Politics: 2025Talks - December 24, 2025
© Arkadiusz Warguła - iStock-1890683226
Politics and views in the United States.
New files from the Epstein investigation mention Presidents Trump and Clinton, the US moves special ops aircraft into the Caribbean and the Trump Administration is expanding its immigration ban.
TRANSCRIPT
Welcome to 2025 Talks where we're following our democracy in historic times.
This is what the Democrats, mostly Democrats and a couple of bad Republicans are asking for.
There are photos of me too.
Everybody was friendly with this guy.
Either friendly or not friendly, but he was around.
President Donald Trump calls newly released documents on dead billionaire sex trafficker Jeffrey Epstein a distraction.
The files mention other public figures, including former President Bill Clinton, Diana Ross and Michael Jackson.
Trump isn't accused of specific wrongdoing, but the records show he took more flights than reported on Epstein's private plane.
And previously released emails from Epstein say Trump quote, "Knew about the girls, and “spent time alone with one of Epstein's victims."
Some of those victims are irate at the Department of Justice for delays and for not redacting their names.
The department says the slow vetting process pushed them past the deadline set by a newly passed law.
Meanwhile, the Pentagon is moving more troops and special operations aircraft into the Caribbean and says it's tracking a third oil tanker sailing from Venezuela.

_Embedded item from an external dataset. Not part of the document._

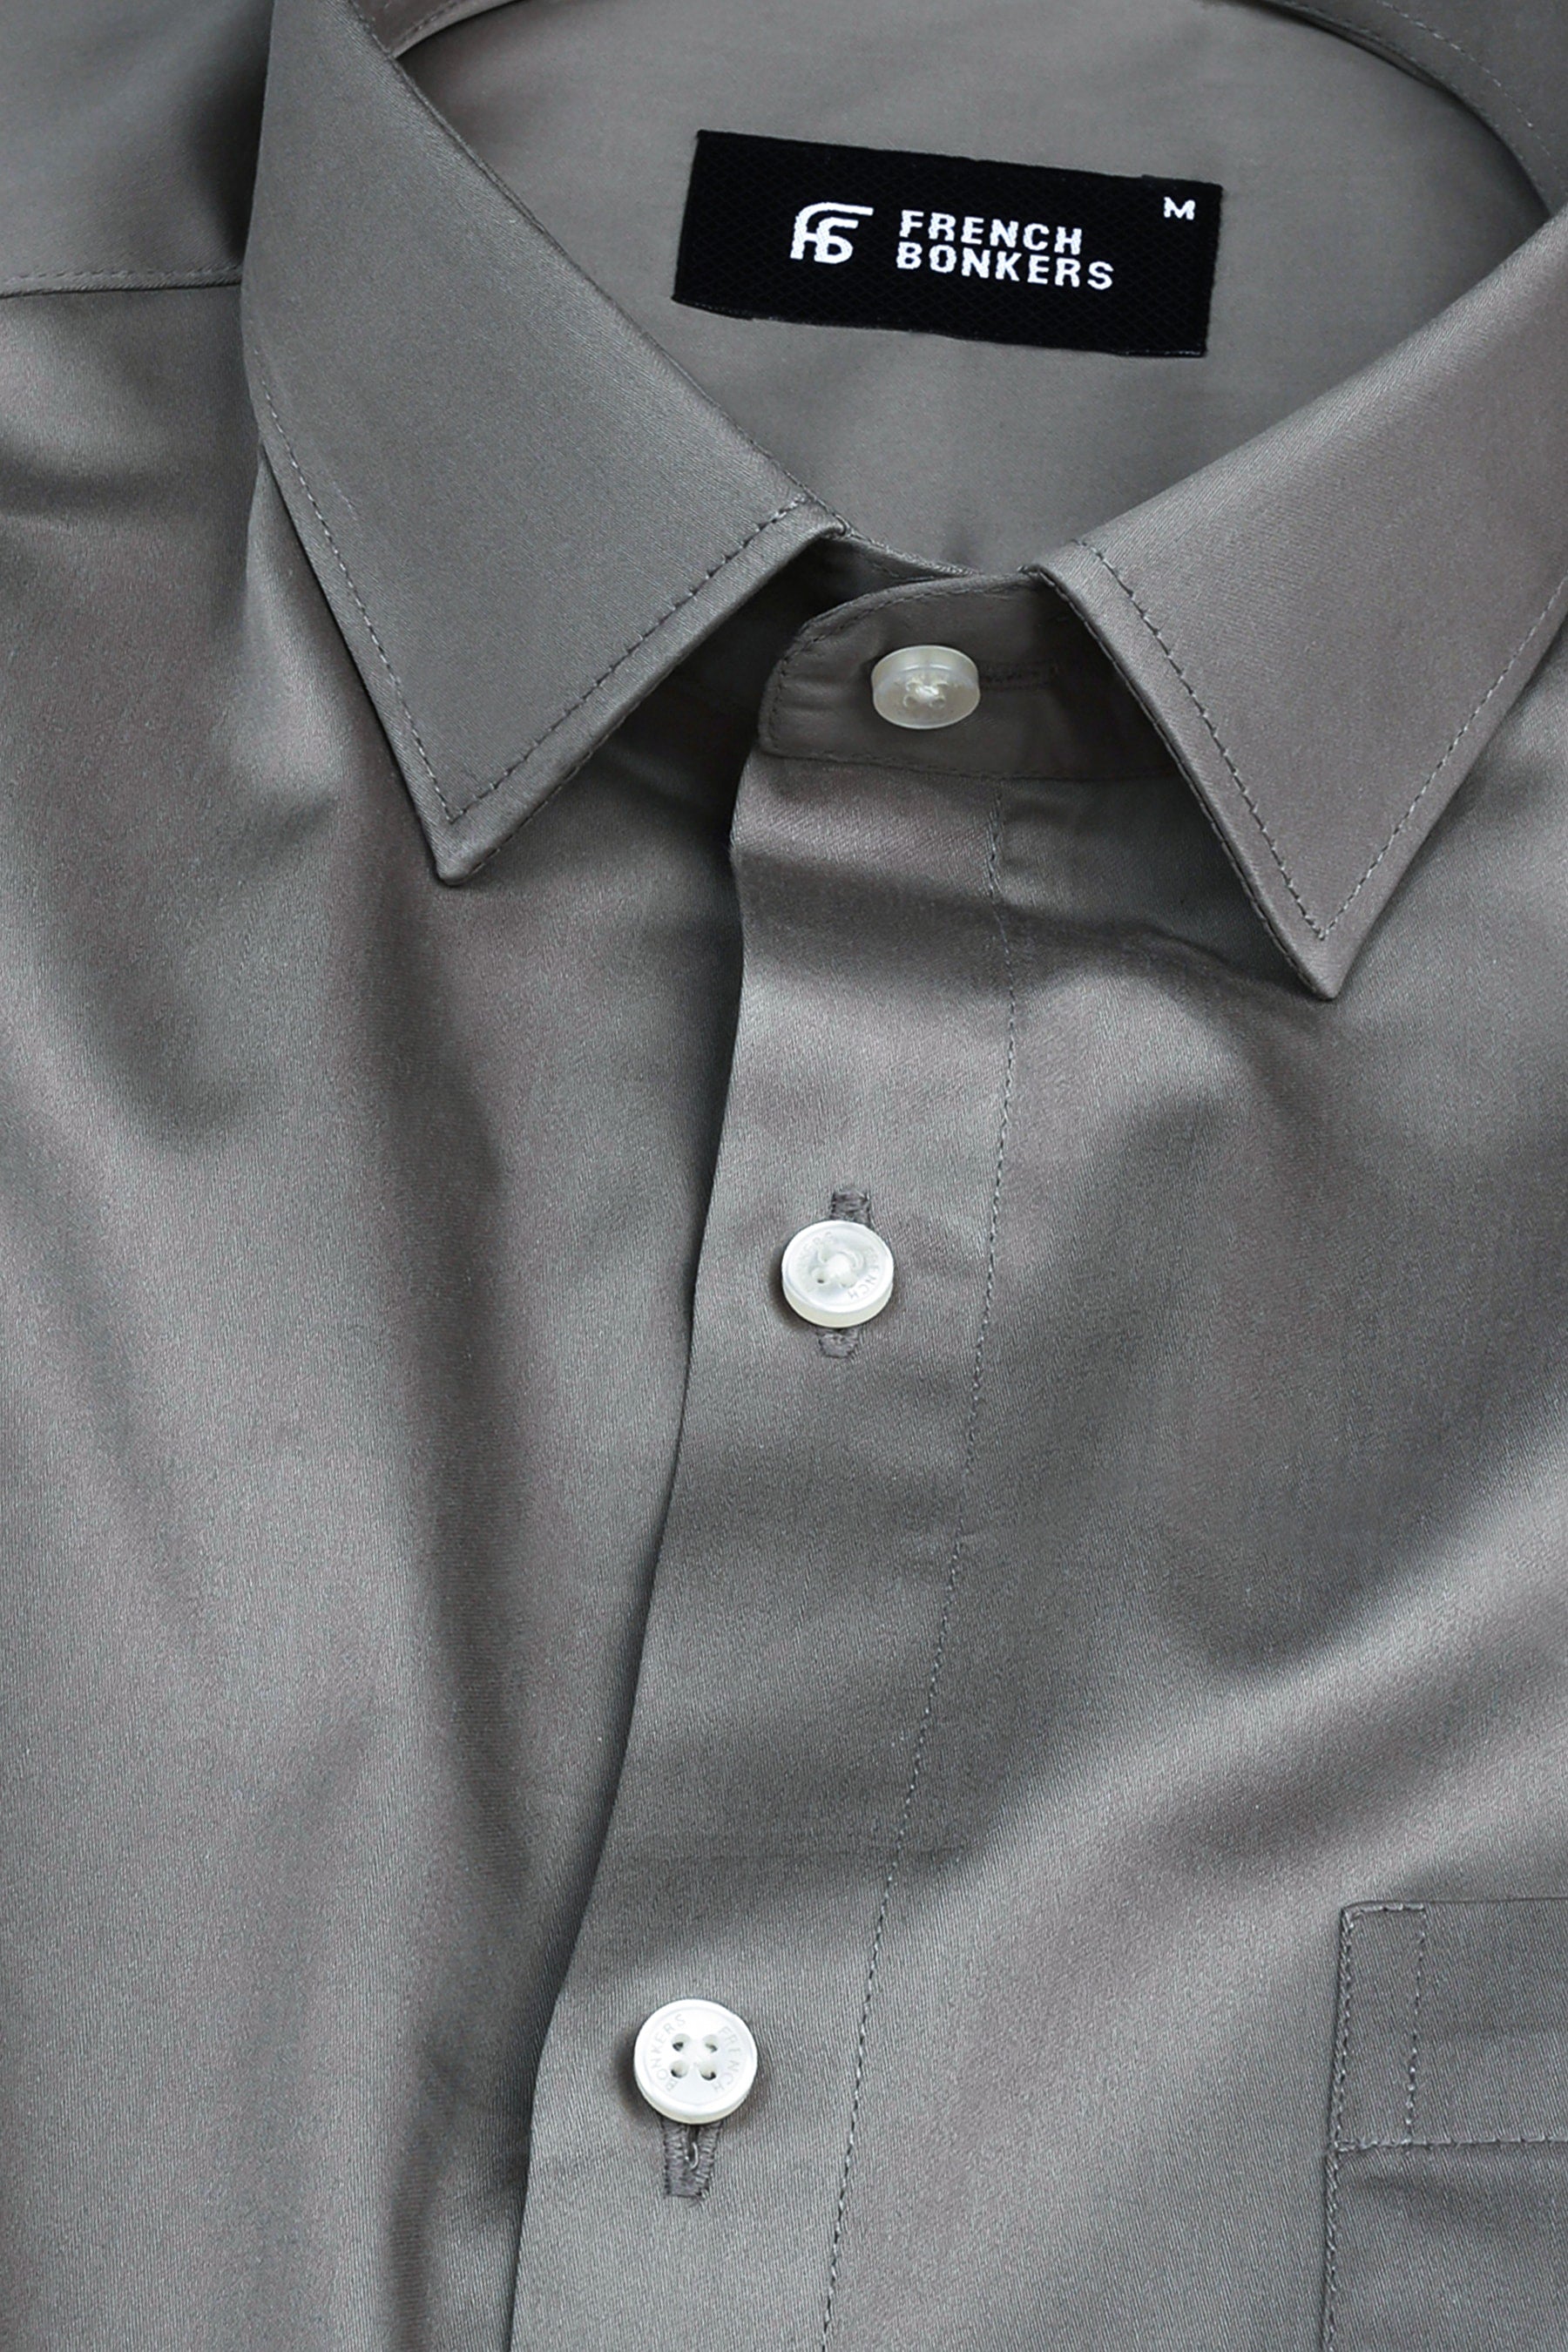 Platinum grey cotton satin shirt

At the UN Security Council, US Ambassador Mike Waltz came close to calling for that nation's leader to be removed.
Nicolas Maduro is a fugitive from American justice and the head of the foreign terrorist organization Cartel de los Soles.
In fact, Maduro and his regime stole the election and the international community has the receipts.

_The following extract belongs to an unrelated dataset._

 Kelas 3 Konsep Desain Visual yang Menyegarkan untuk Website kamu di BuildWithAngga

The Venezuelan ambassador says the US government is stealing the tankers and is quote, "Stubborn in its ignorance of international law."
He cited Trump's pardon of former Honduran president Juan Orlando Hernandez convicted of trafficking hundreds of tons of cocaine to the US as proof of hypocrisy.

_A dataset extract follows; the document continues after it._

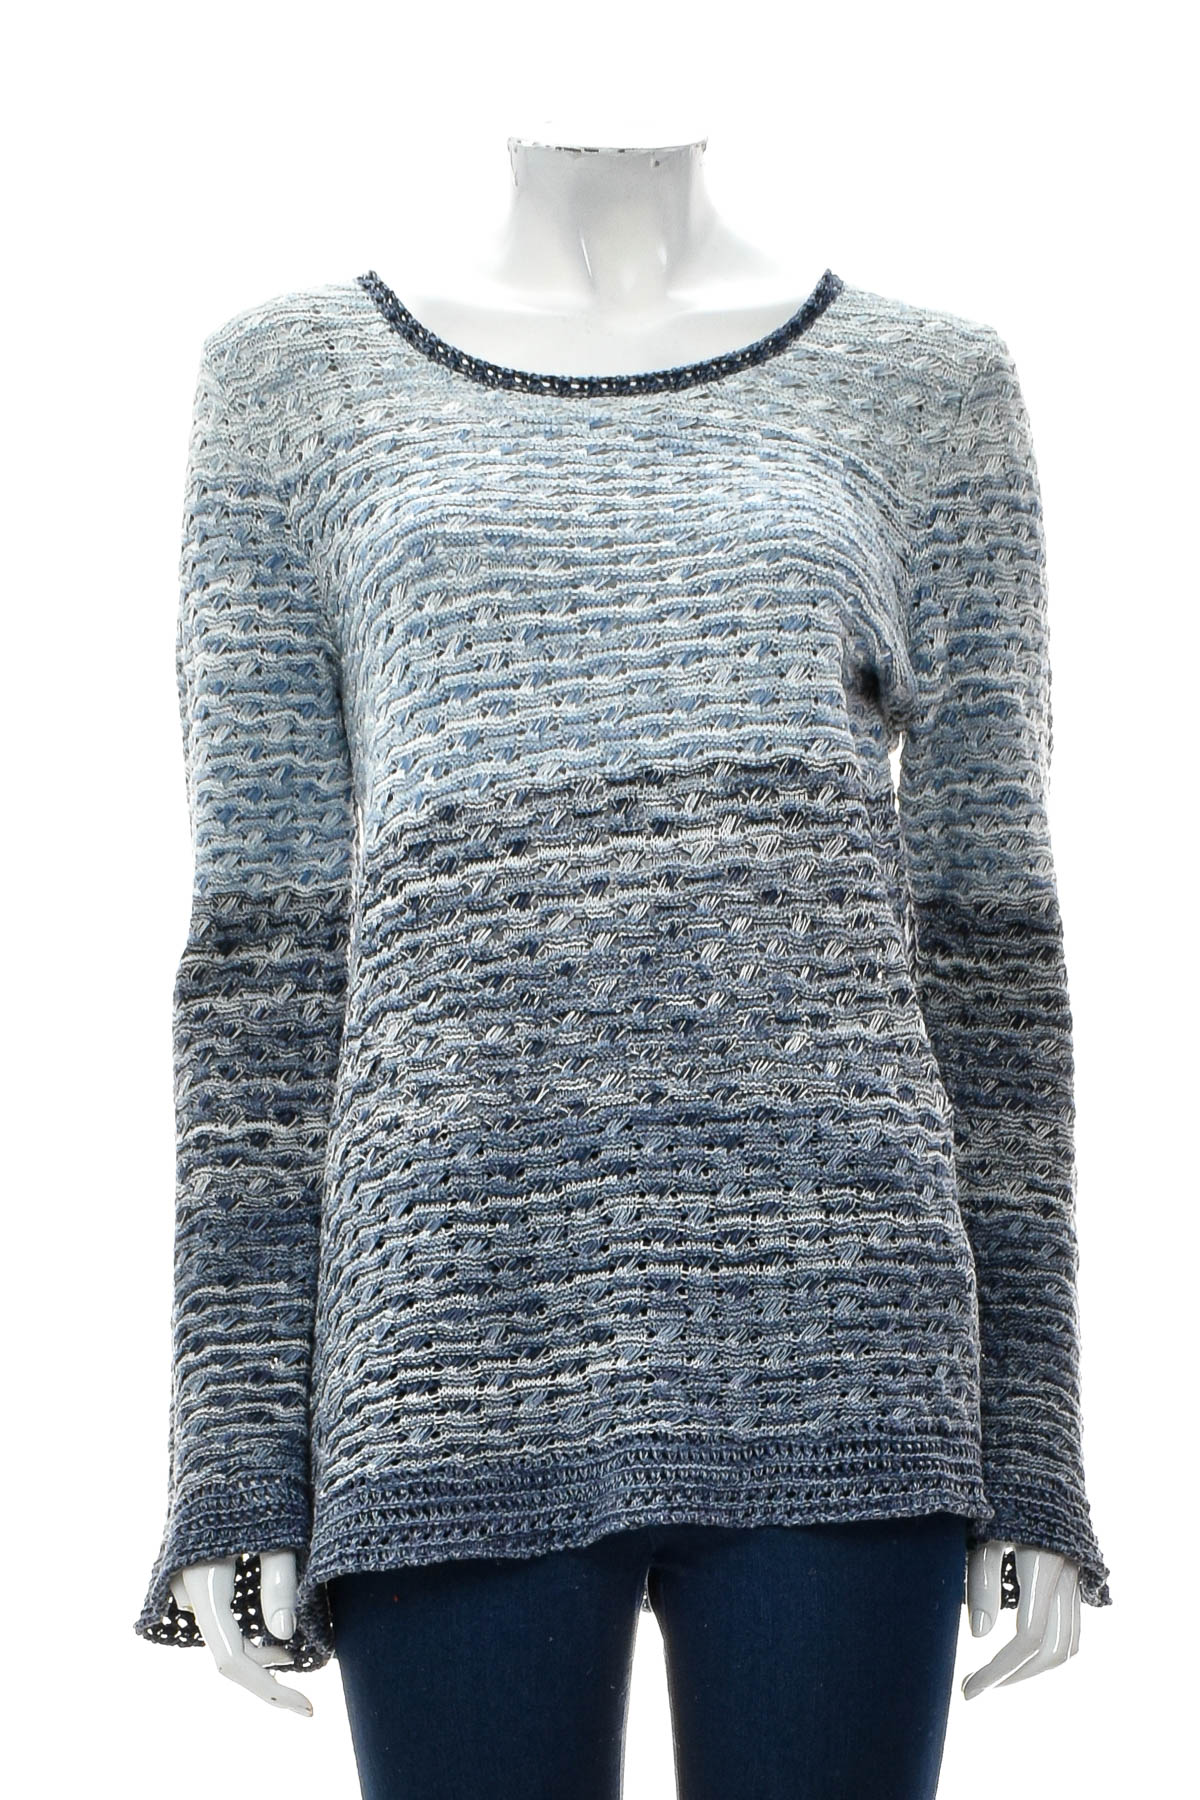 Women's sweater - Style & Co. - 0

The administration's halting legal immigration from 20 more countries.
Travel bans now bar people from around 40 nations.
Marata Wauta with the New York Immigration Coalition says this shuts out people who want to follow the rules and become citizens.
This updated policy, along with others already announced, ensures that the Trump administration will have a growing population of those at risk of being funneled into the administration's deportation machine, enriching private companies that profit from the prison industrial complex.
The administration is also conducting a purge of immigration judges, adding to a backlog of almost three and a half million cases.
Most of the fired judges had backgrounds in immigration defense or a record of granting asylum.
Eileen Grinch is with the nonprofit immigrant news outlet, Documented.
We have overpopulated detention centers, we have folks waiting for their cases, and it really creates pressure on folks who are stuck in these places waiting for their moment in court.
The system and everyday folks waiting for their case to be adjudicated.
A new California law limits immigration agents' hospital access without a criminal warrant.
It says immigration status and place of birth are protected health information.
Attorney Sarah Houston with LA's Immigrant Defenders Law Center says ICE has cut people off from their families after a violent arrest or getting sick in detention.
We've heard reports about how ICE will tell doctors and staff, you're not allowed to give the arrestee a phone, they can't contact their family, you can't tell their family they're here.
So they're just by themselves in this basically detention environment when it could be a life or death situation.
The Supreme Court ruled against Trump's unilateral deployment of the National Guard to Chicago.
The emergency ruling isn't binding on other cases, but says the administration failed to prove an urgent need to take federal control of the troops.
I'm Edwin J. Viera for Pacifica Network and Public News Service.